FIG. 9 is a perspective view of the processing arrangement 100 including the flow adjusting unit 102, according to some embodiments. In some embodiments, the flow adjusting unit 102 includes the first layer 144, the second layer 146, the third layer 148, and one or more additional layers, such as a fourth layer 902, disposed between the second layer 146 and the third layer 148. In some embodiments, the first layer 144 defines one or more apertures, such as a first aperture 904, the second layer 146 defines one or more apertures, such as a second aperture 906, the third layer 148 defines one or more apertures, such as a third aperture 908, and the fourth layer 902 defines one or more apertures, such as a fourth aperture 910. In some embodiments, a size of the second aperture 906 is greater than a size of the first aperture 904, a size of the third aperture 908 is less than the size of the first aperture 904, and a size of the fourth aperture 910 is less than the size of the third aperture 908. In some embodiments, the first aperture 904 is less than or equal to 5 cm.

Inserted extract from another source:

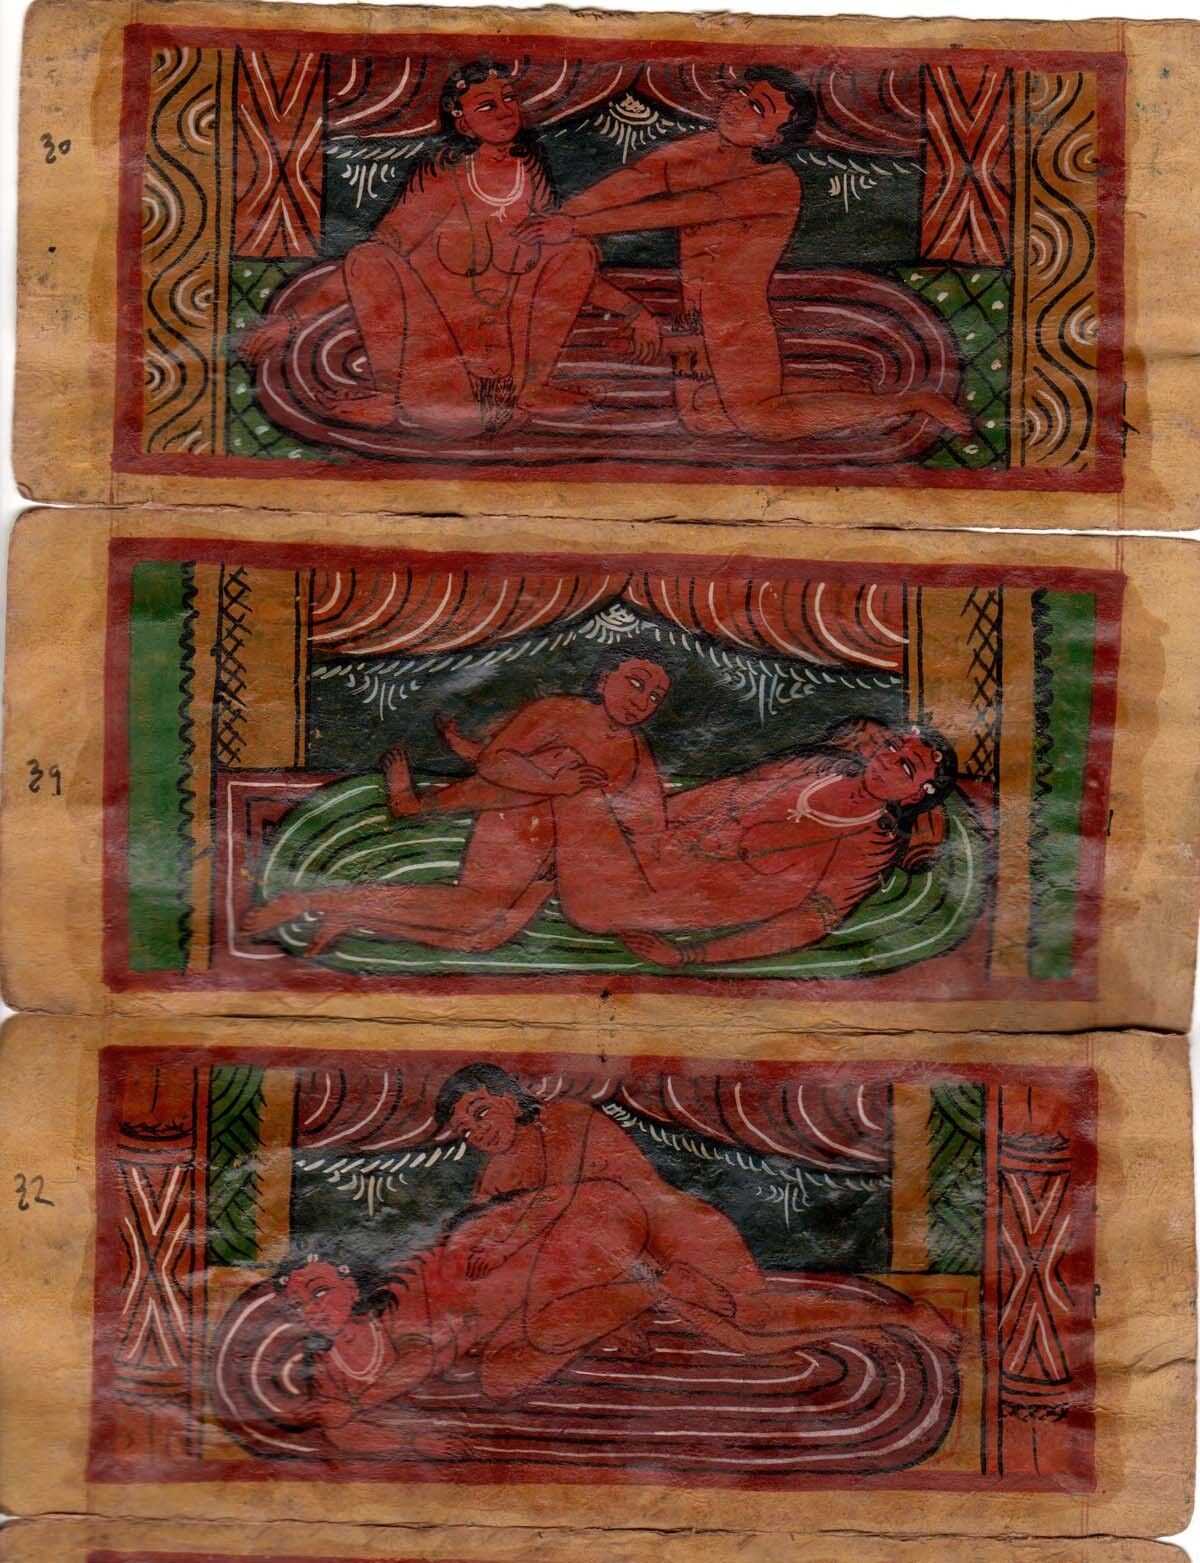 Lot of 8 small 9 cm x 20 cm oil on paper old KAMA SUTRA INDIAN erotic painting
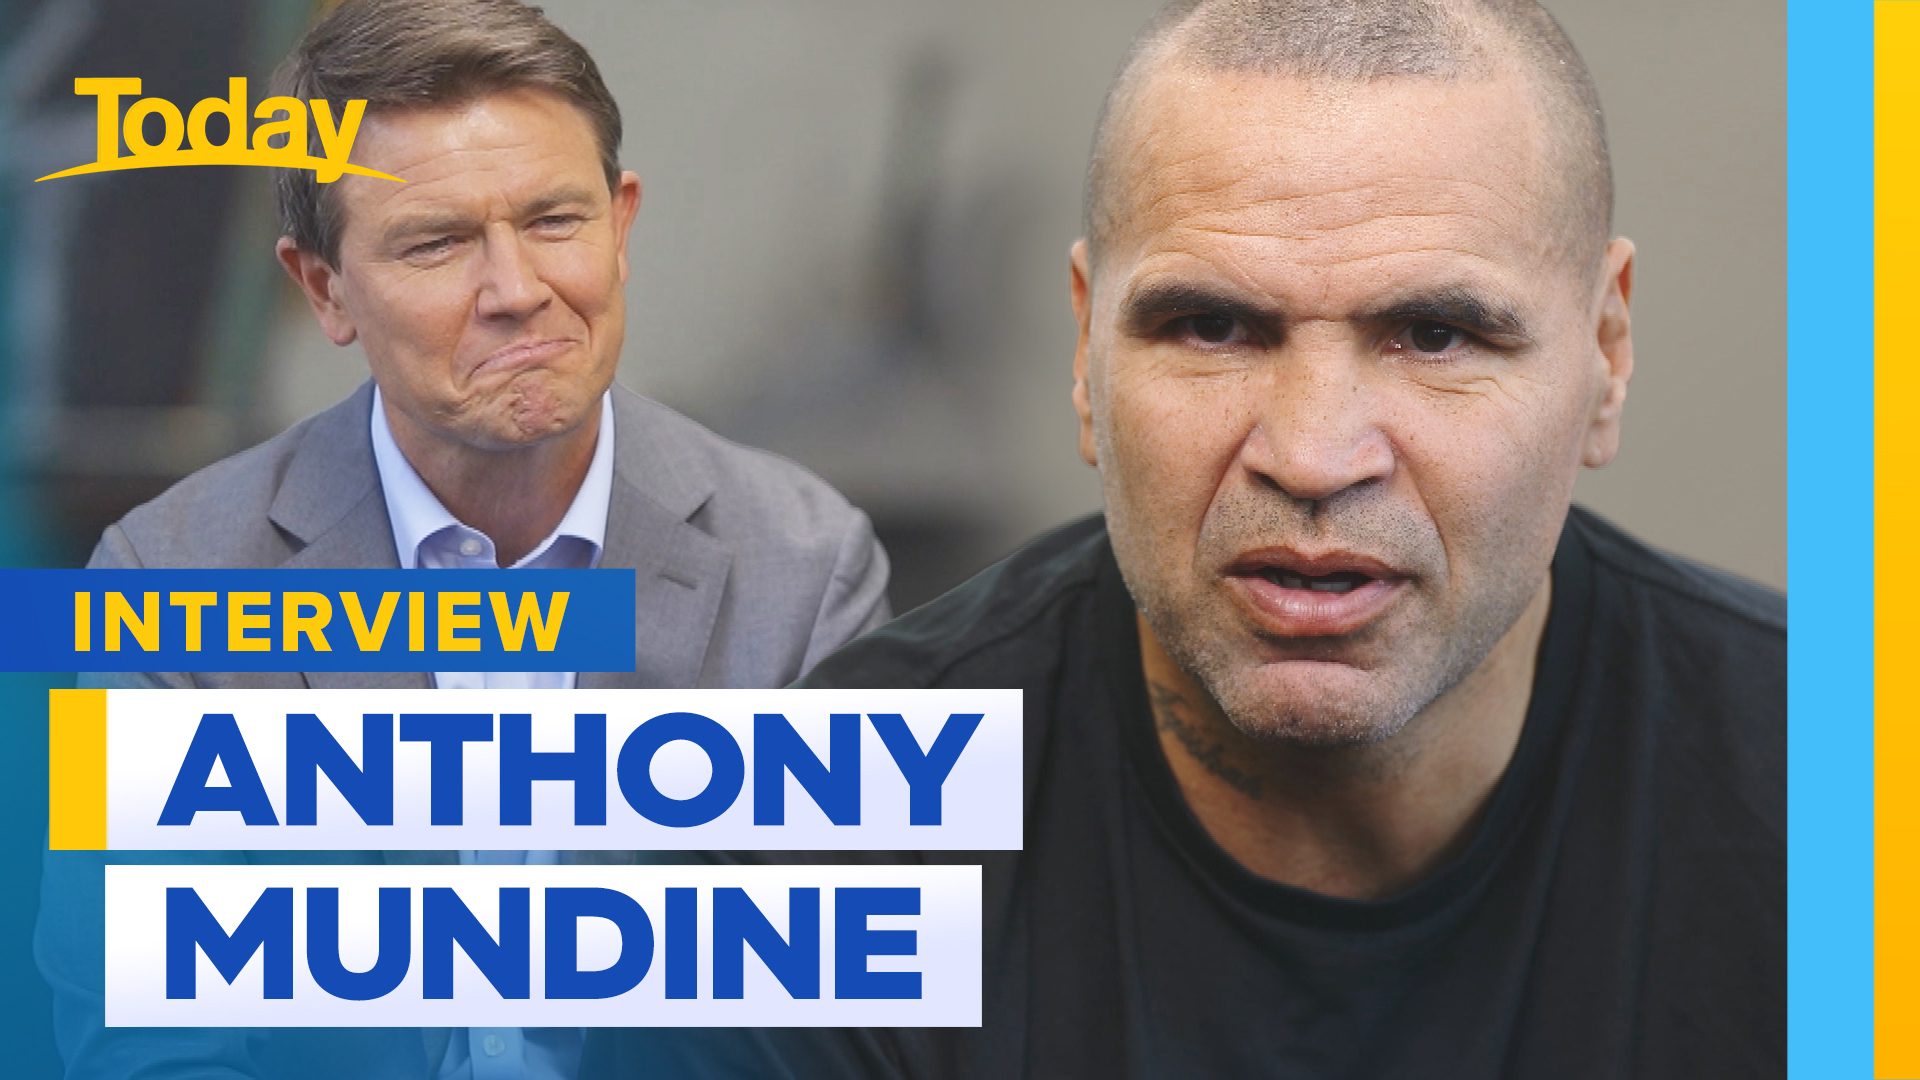 Alex Cullen sits down with Anthony Mundine

In some embodiments, the second aperture 906 has a polygonal shape, such as set forth above with reference to FIGS. 5A-5D. In some embodiments, the first layer 144 has a first aperture density, the second layer 146 has a second aperture density, the third layer 148 has a third aperture density, and the fourth layer 902 has a fourth aperture density. In some embodiments, the first aperture density is greater than the second aperture density. In some embodiments, the third aperture density is greater than the first aperture density. In some embodiments, the fourth aperture density is greater than the third aperture density. In some embodiments, the fourth aperture density is equal to the third aperture density. In some embodiments where one or more layers, such as the fourth layer 902, are disposed between the second layer 146 and the third layer 148, each of the one or more layers has an aperture density greater than the first aperture density.
In some embodiments, the first layer 144 is disposed a first distance BN1 below the gas nozzle 142, the second layer 146 is disposed a second distance BN2 below the gas nozzle 142, the third layer 148 is disposed a third distance BN3 below the gas nozzle 142, and the fourth layer 902 is disposed a fourth distance BN4 below the gas nozzle 142. In some embodiments, the second distance BN2 is greater than the first distance BN1. In some embodiments, the third distance BN3 is greater than the first distance BN1 but less than the second distance BN2. In some embodiments, the fourth distance BN4 is greater than the third distance BN3 but less than the second distance BN2. In some embodiments where one or more layers, such as the fourth layer 902, are disposed between the second layer 146 and the third layer 148, each of the one or more layers has an associated distance BNx greater than the first distance BN1 but less than the second distance BN2.
In some embodiments, a first gap AG1 is provided between the first layer 144 and the third layer 148. In an example, the first gap AG1 is greater than 1 mm and less than or equal to 10 cm. In some embodiments, a second gap AG2 is provided between the third layer 148 and the fourth layer 902. In an example, the second gap AG2 is greater than 1 mm and less than or equal to 10 cm. In some embodiments, a third gap AG3 is provided between the fourth layer 902 and the second layer 146. In an example, the third gap AG3 is greater than 1 mm and less than or equal to 10 cm. In some embodiments where one or more layers, such as the fourth layer 902, are disposed between the second layer 146 and the third layer 148, each of the one or more layers has an associated gap AGx between adjacent layers greater than 1 mm and less than or equal to 10 cm.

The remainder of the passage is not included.